> **Given entries**:
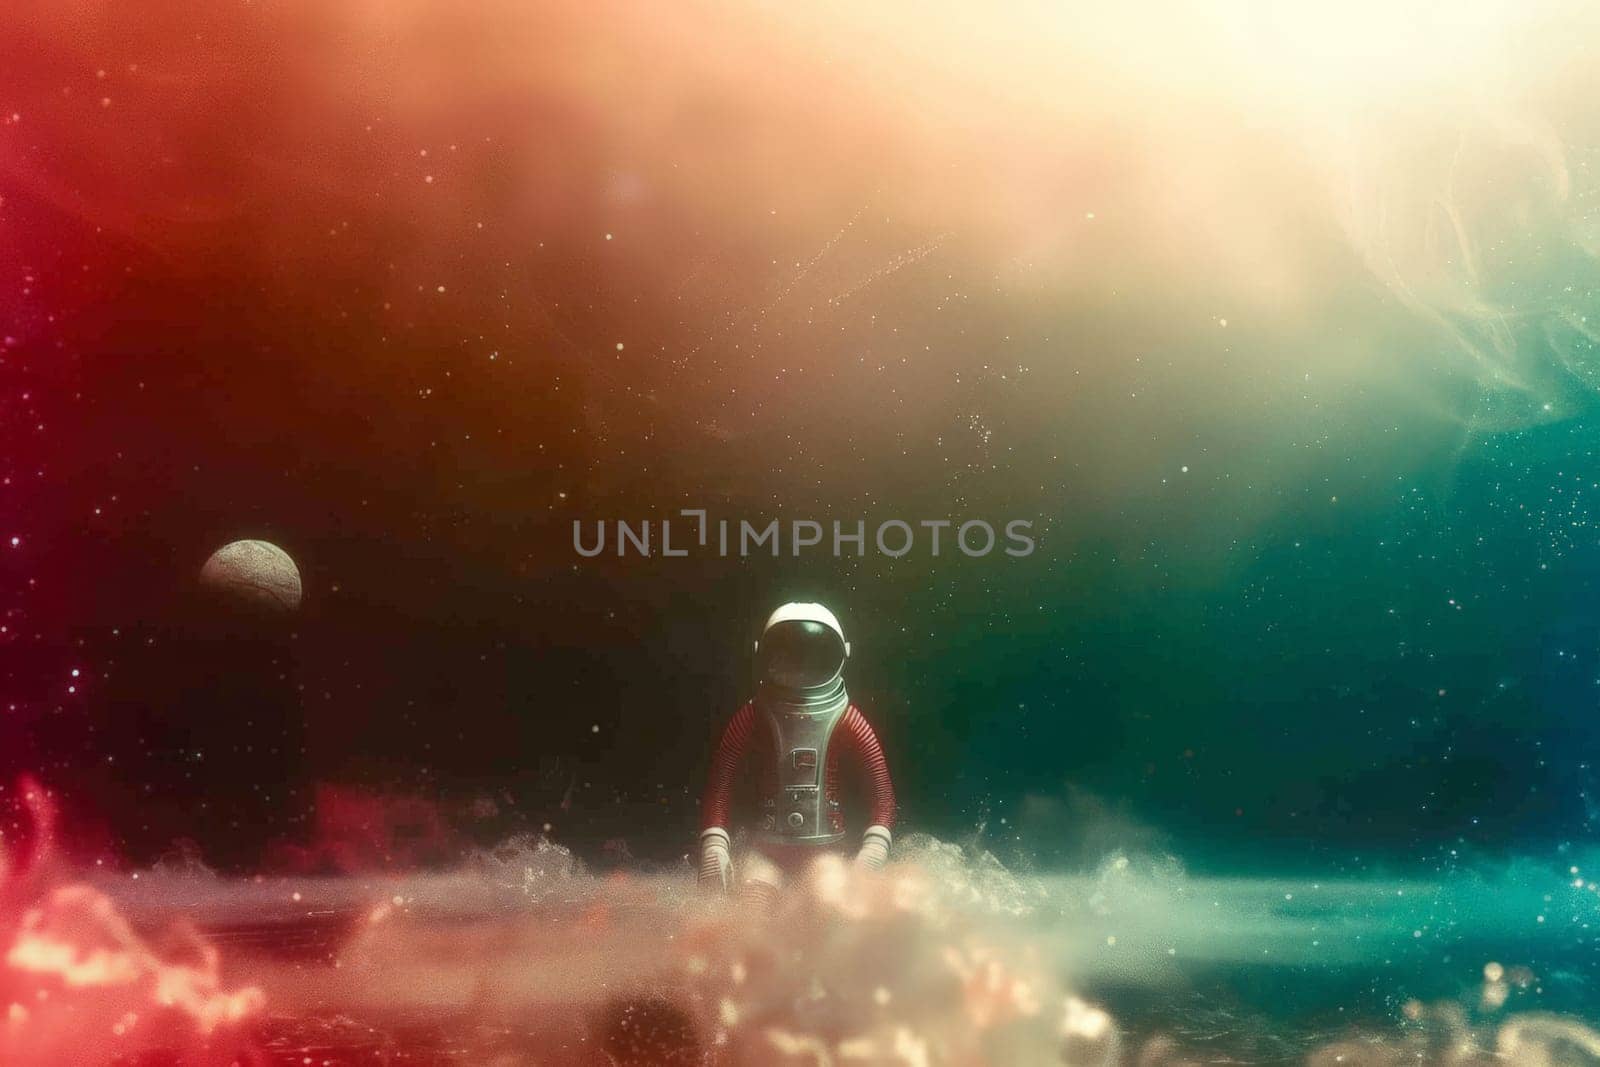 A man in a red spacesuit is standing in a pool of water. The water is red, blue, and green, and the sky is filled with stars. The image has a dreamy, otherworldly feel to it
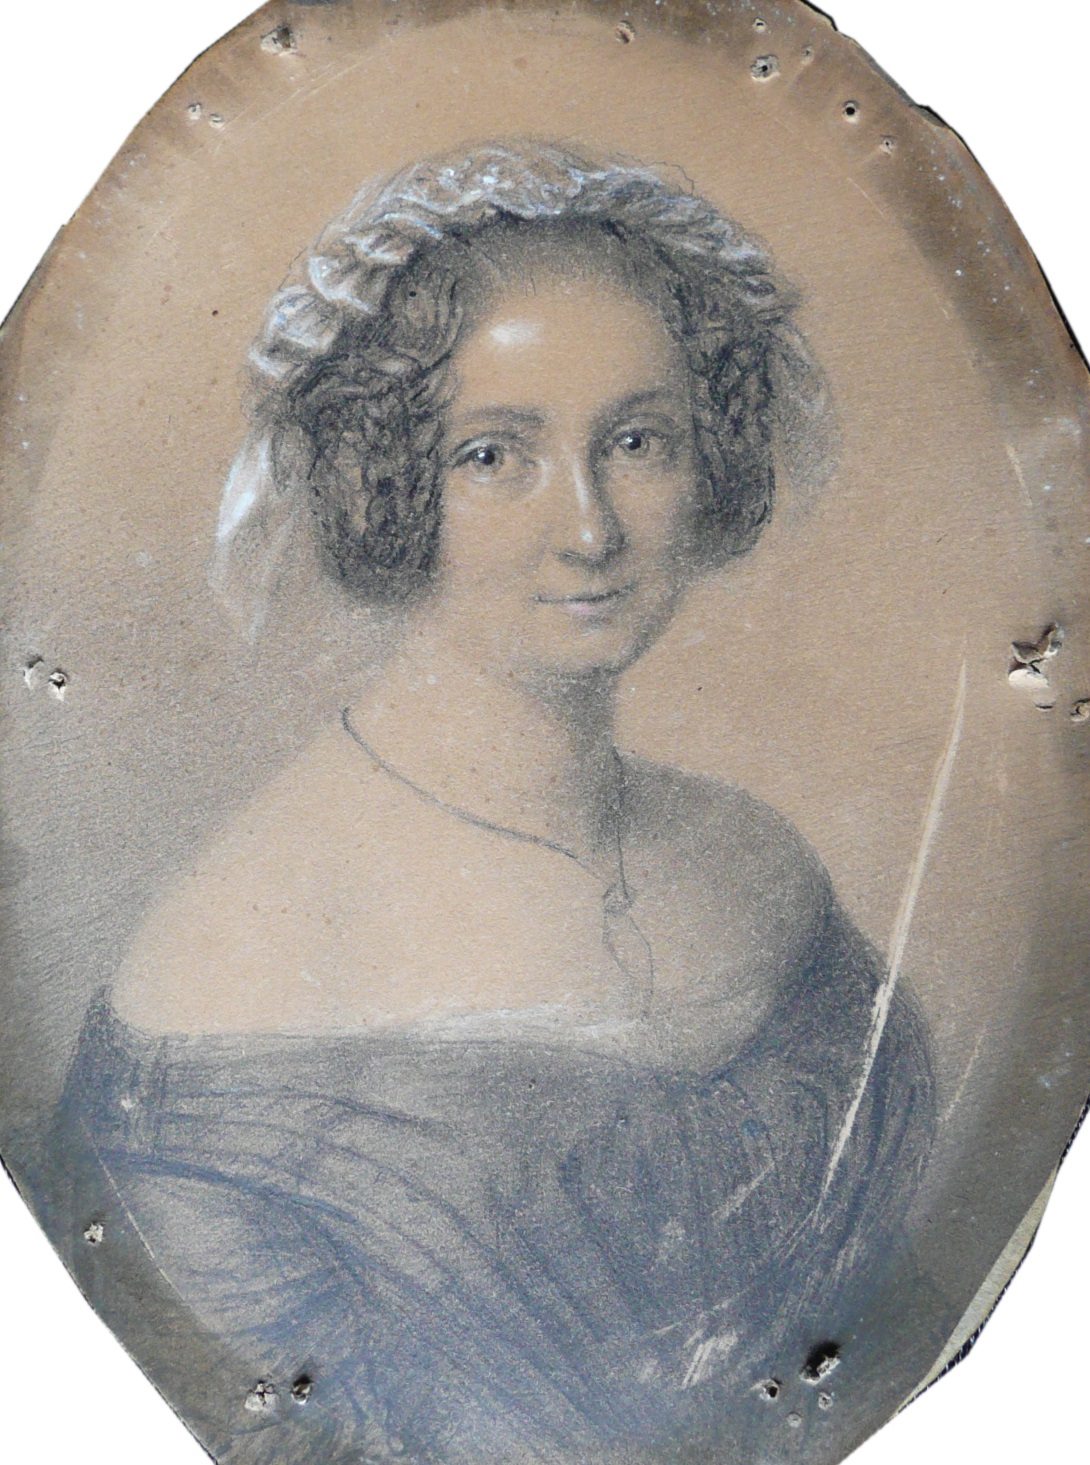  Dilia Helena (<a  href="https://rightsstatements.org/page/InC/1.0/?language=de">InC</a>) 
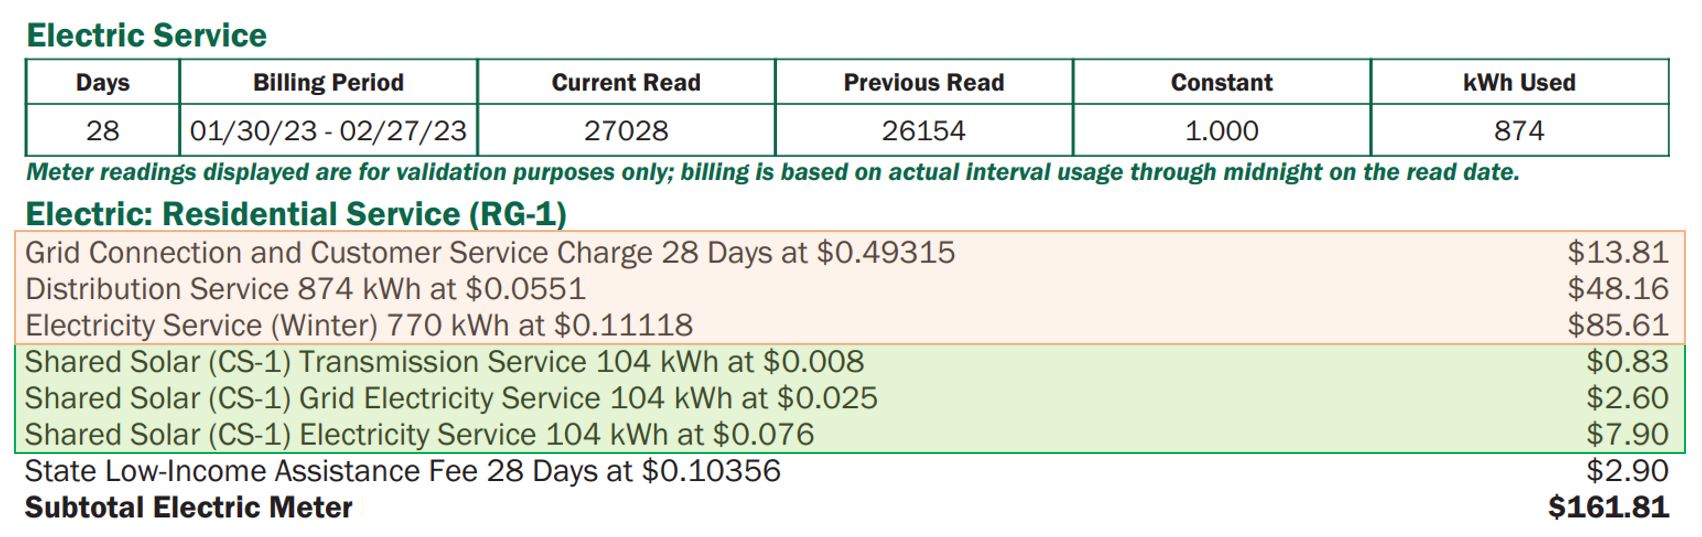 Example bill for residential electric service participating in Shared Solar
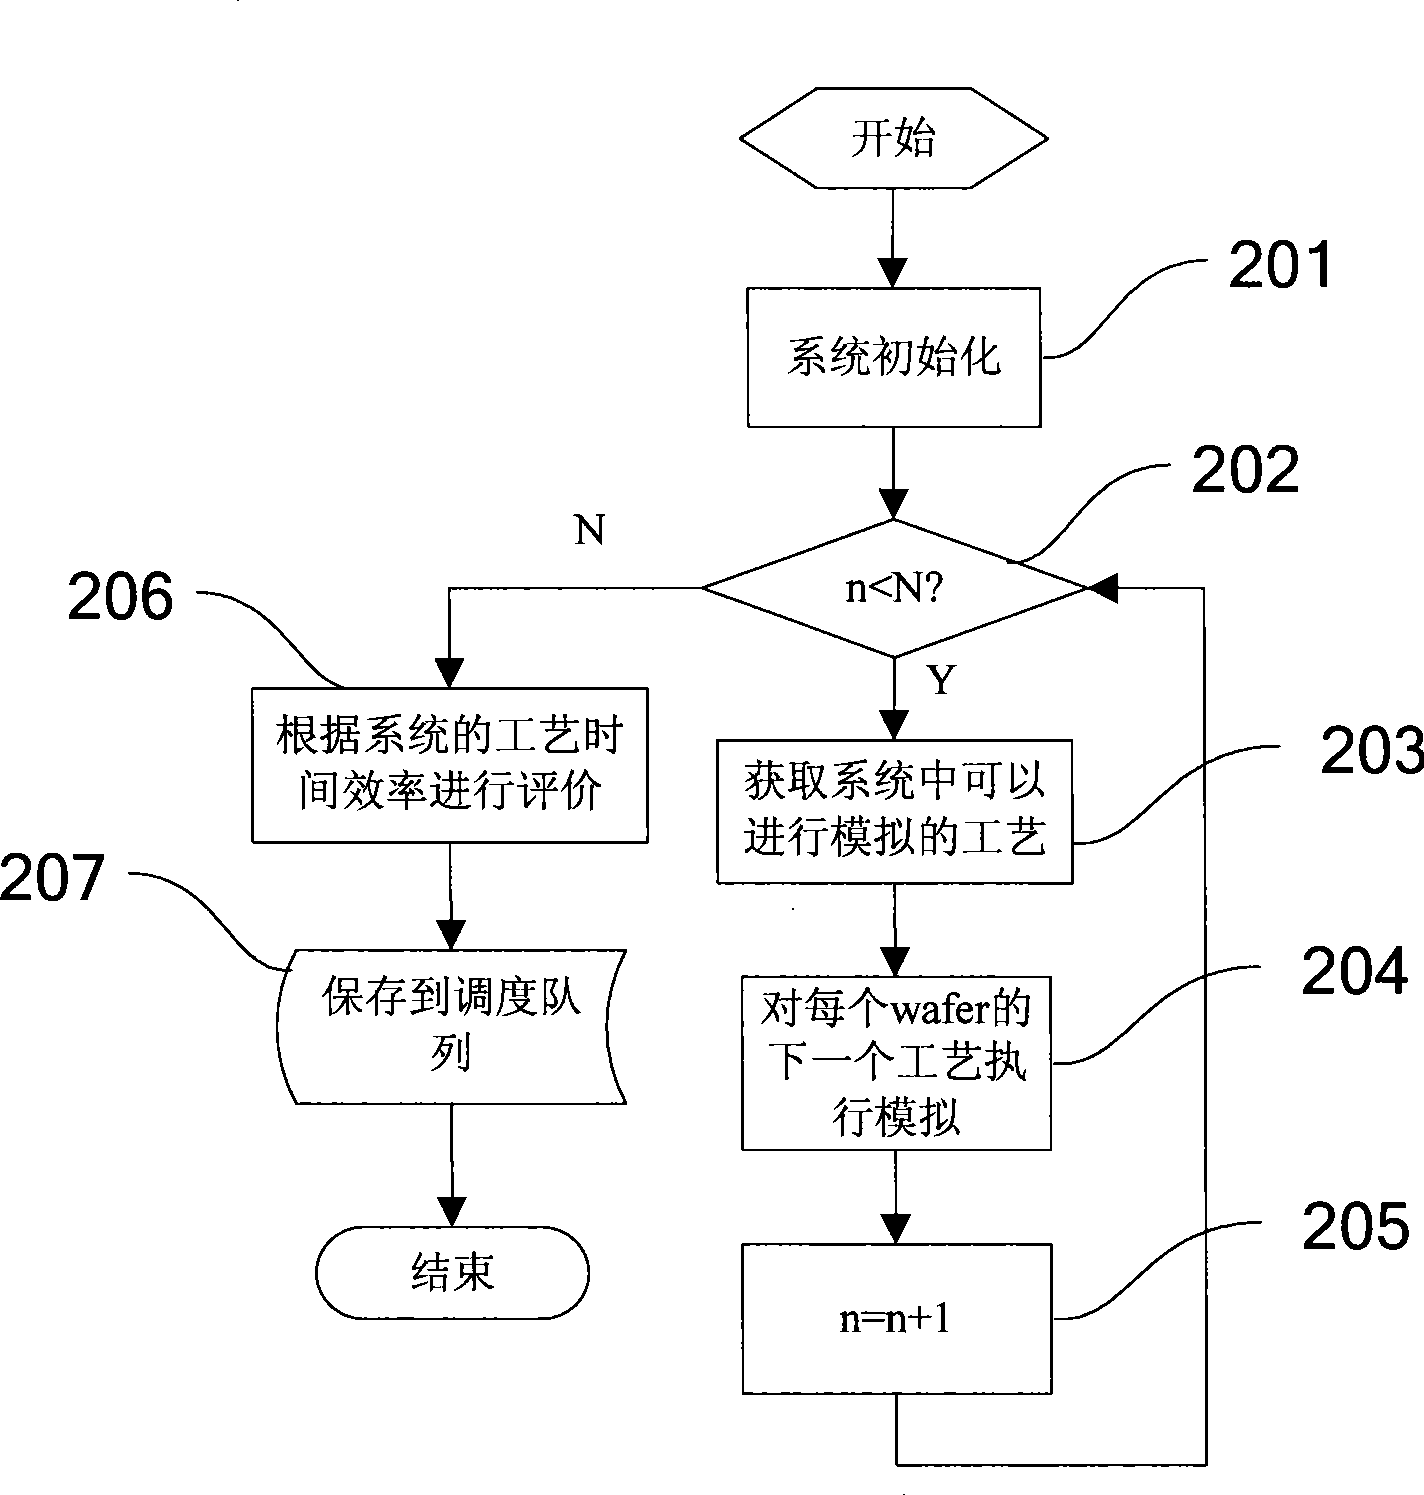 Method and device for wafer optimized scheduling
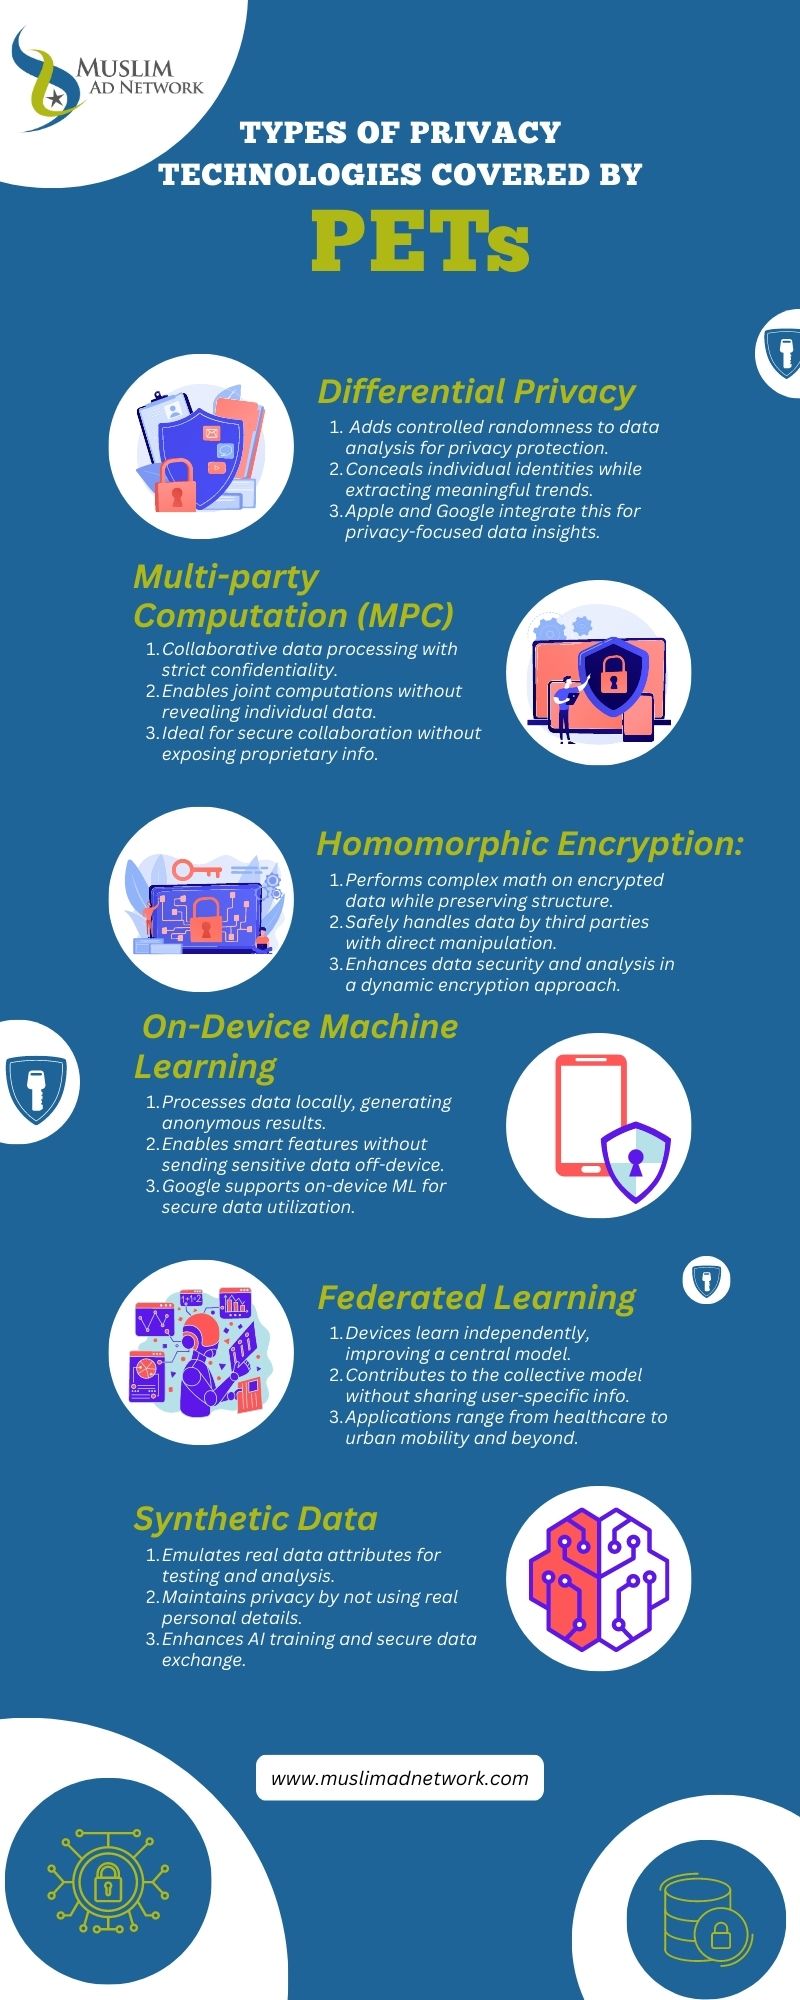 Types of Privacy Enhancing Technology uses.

> **Assignment**: Take the lines from the start of the listing above through the line with "Dilia Helena (<a", both ends included, and copy them exactly, leaving the pictures behind.

> **Written answer**:
 A man in a red spacesuit is standing in a pool of water. The water is red, blue, and green, and the sky is filled with stars. The image has a dreamy, otherworldly feel to it
  Dilia Helena (<a  href="https://rightsstatements.org/page/InC/1.0/?language=de">InC</a>) 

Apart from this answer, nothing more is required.